DIRECTIONS
The listing below must be repeated word for word, without its pictures.

INPUT DATA

******************************

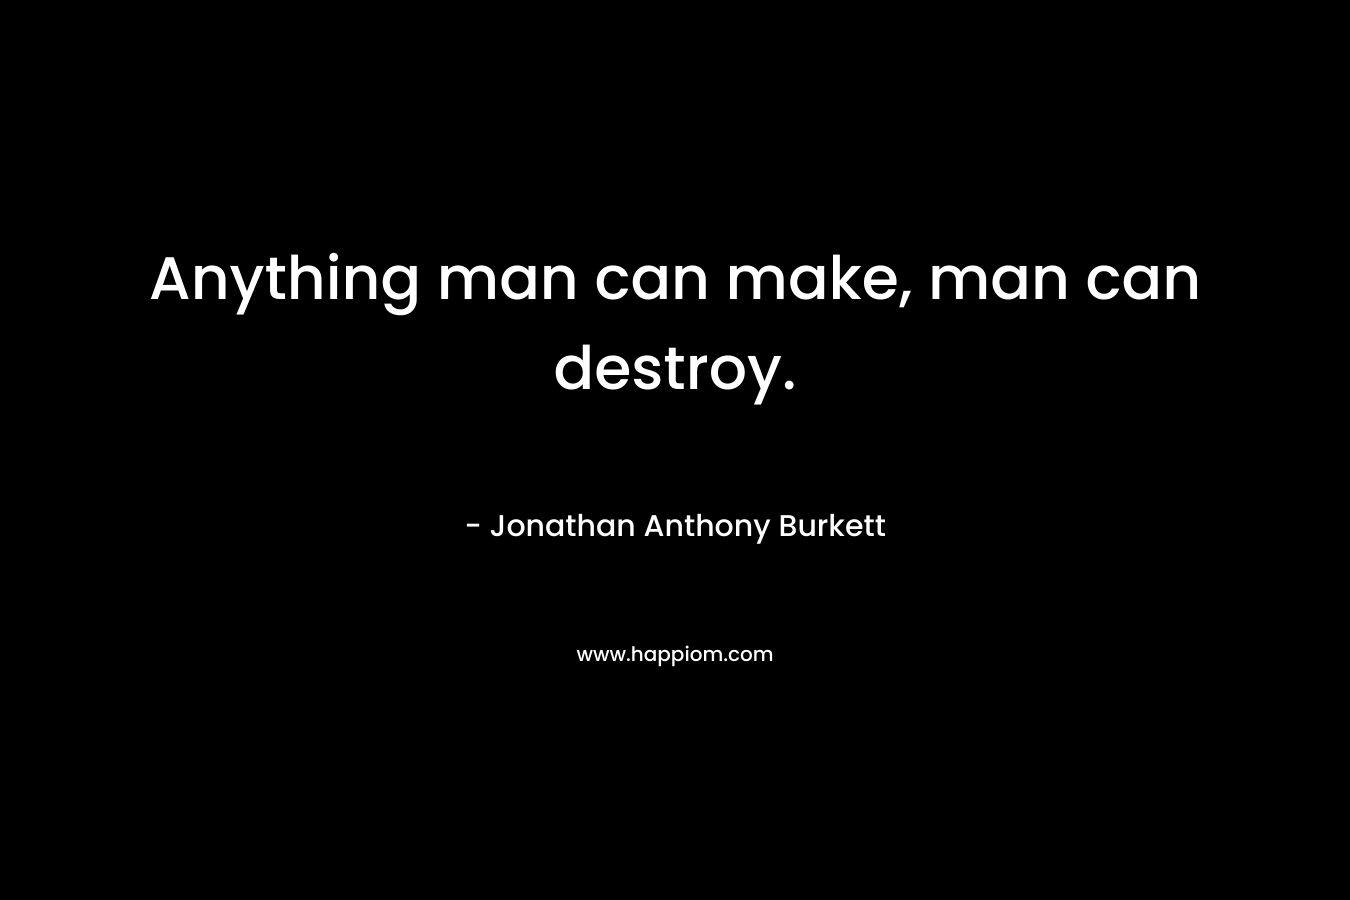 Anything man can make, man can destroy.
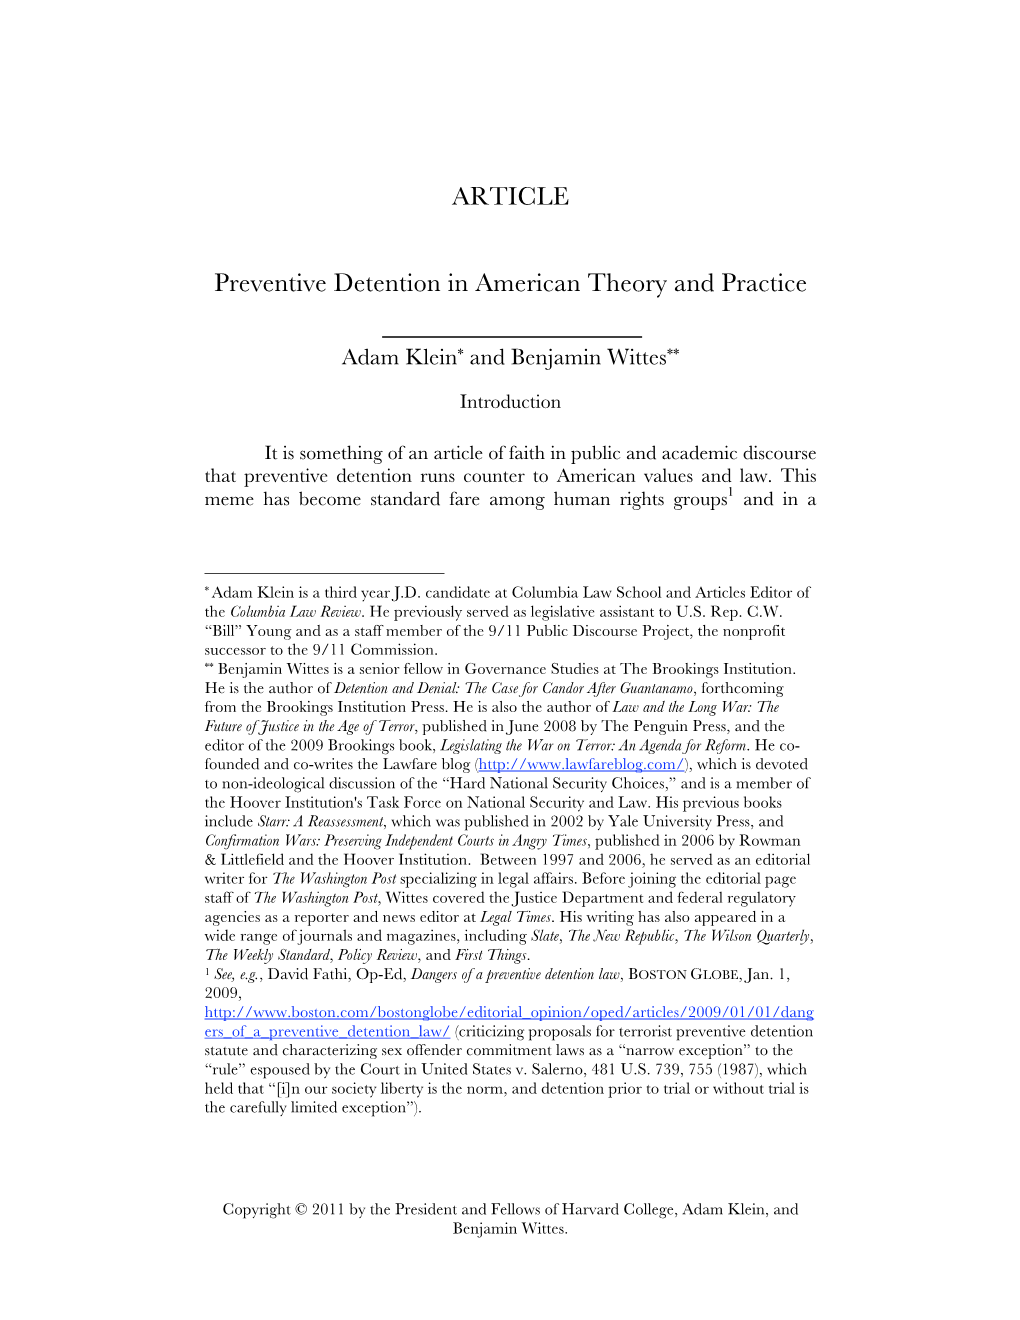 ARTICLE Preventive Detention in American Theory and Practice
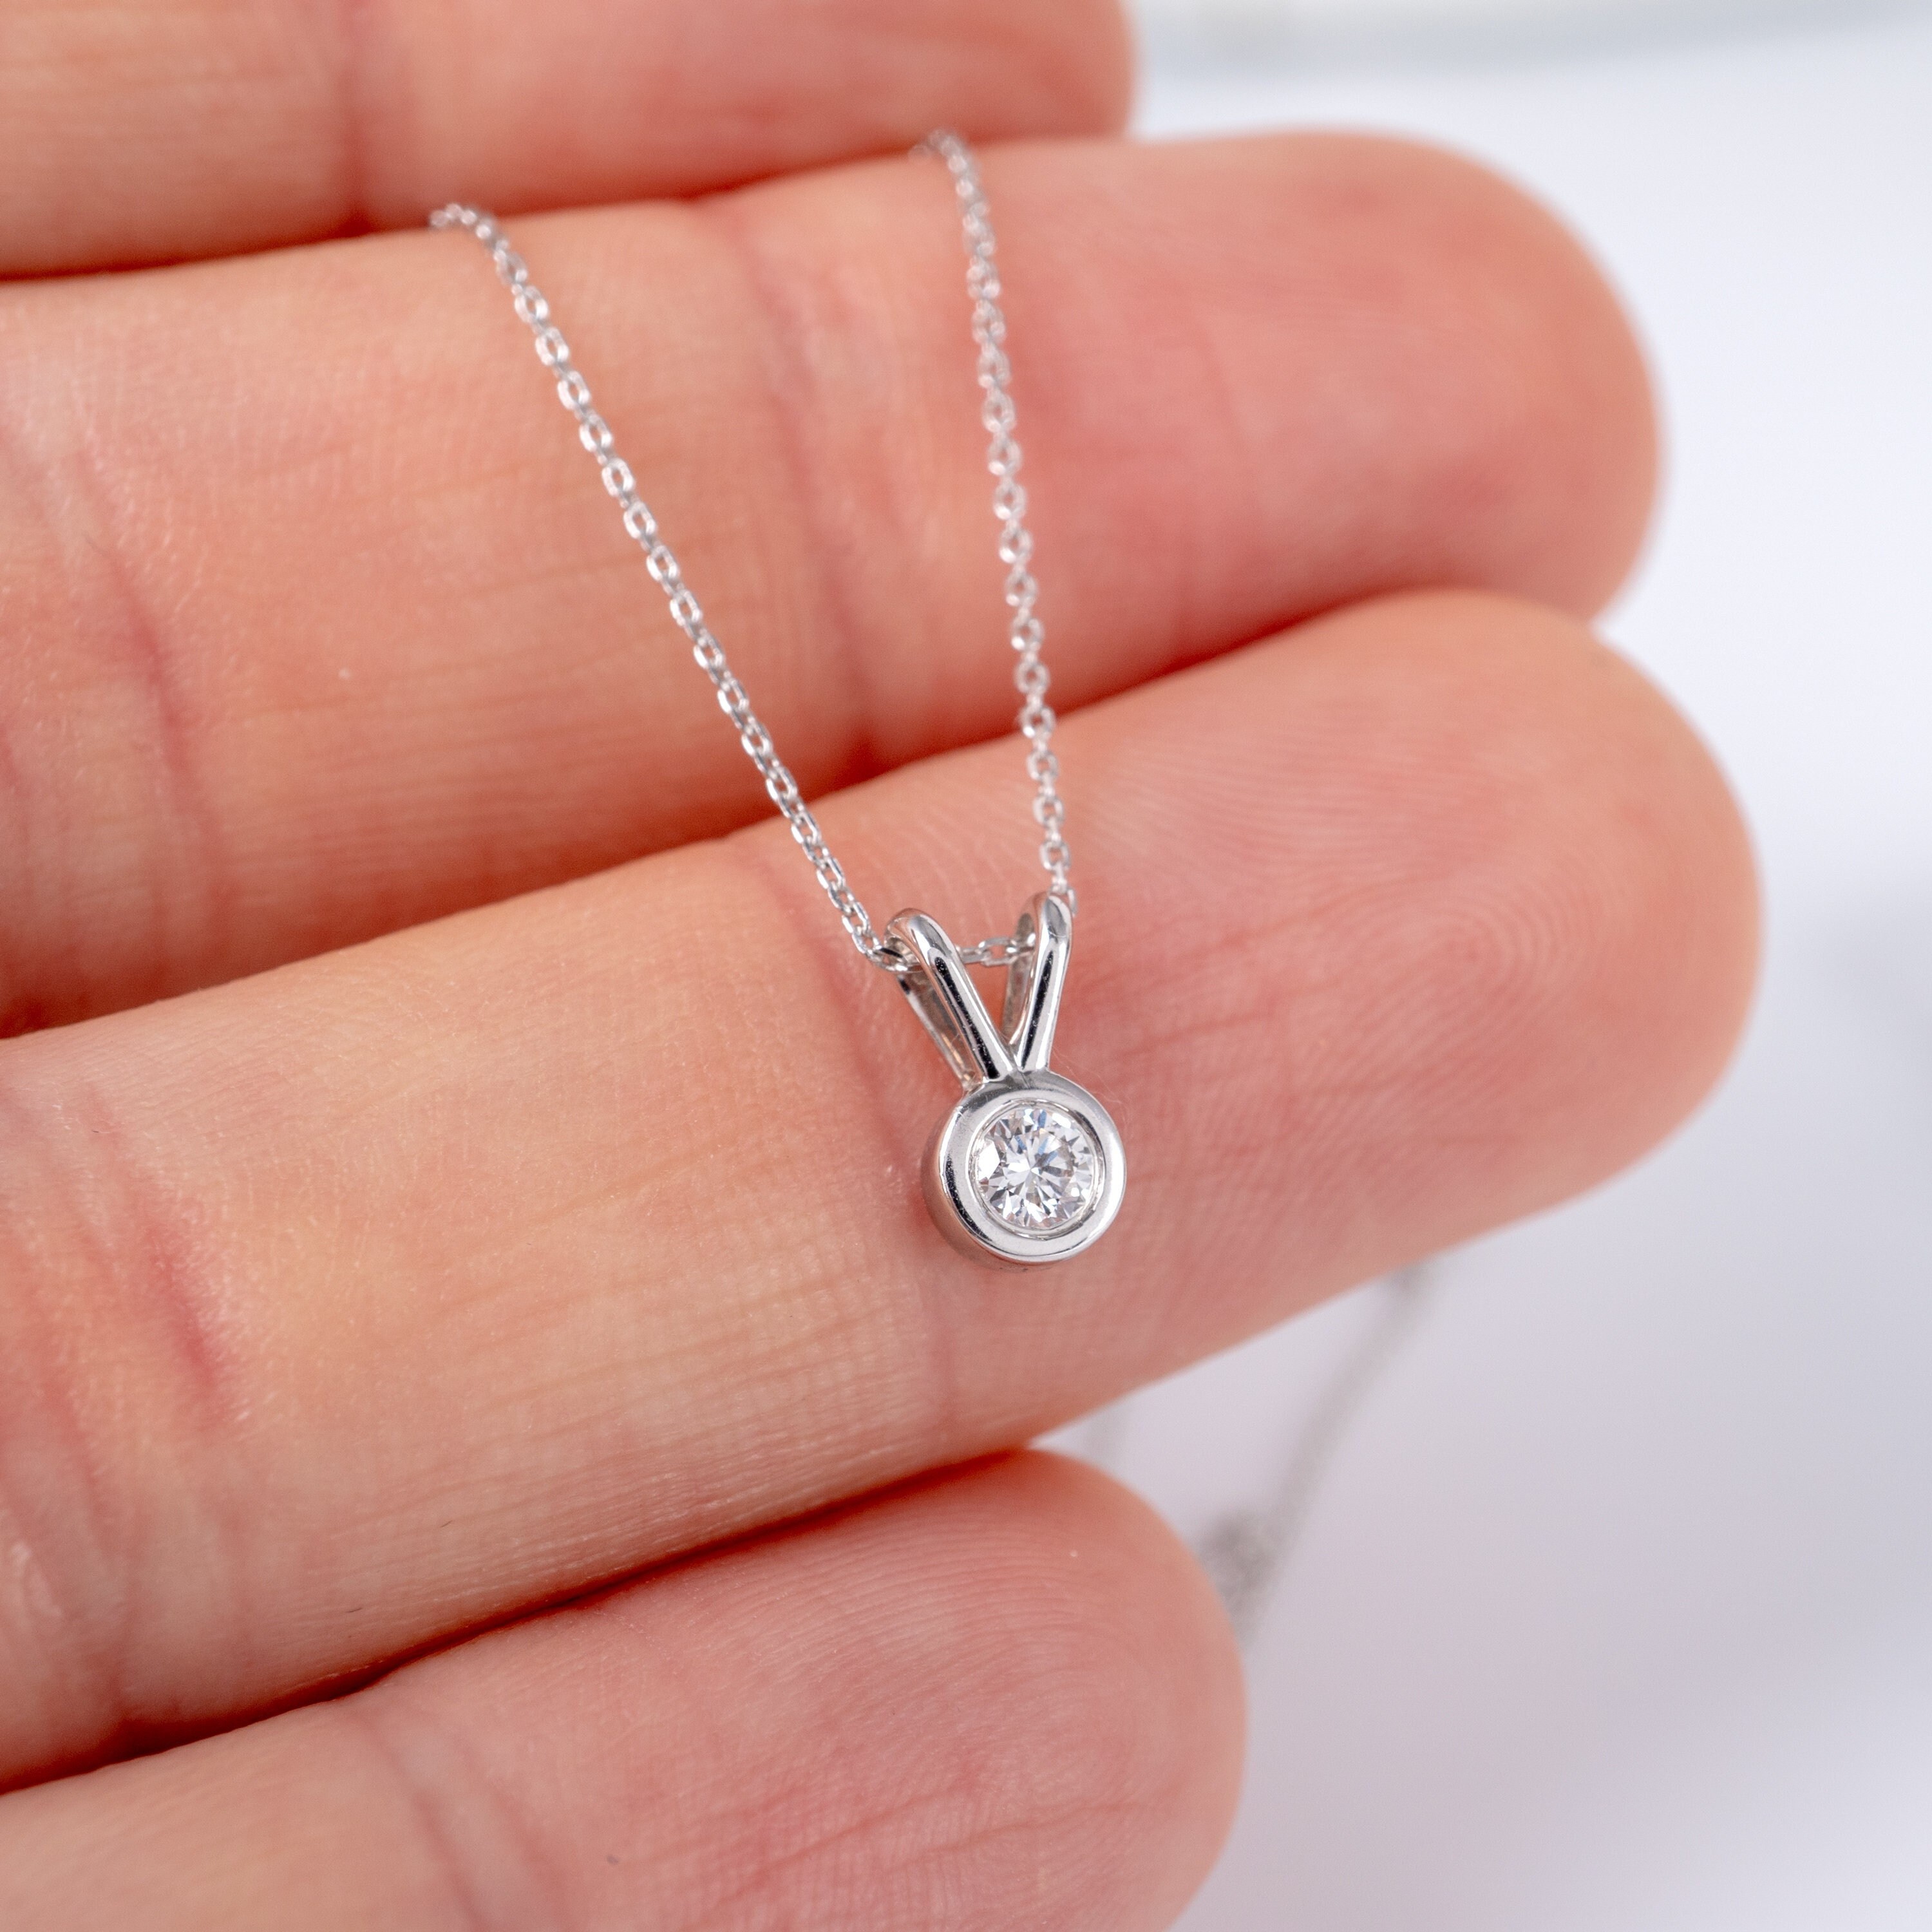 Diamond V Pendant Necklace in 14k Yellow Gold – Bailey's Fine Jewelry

******************************

ANSWER SECTION
 Anything man can make, man can destroy.
 ARTICLE Preventive Detention in American Theory and Practice
 Diamond V Pendant Necklace in 14k Yellow Gold – Bailey's Fine Jewelry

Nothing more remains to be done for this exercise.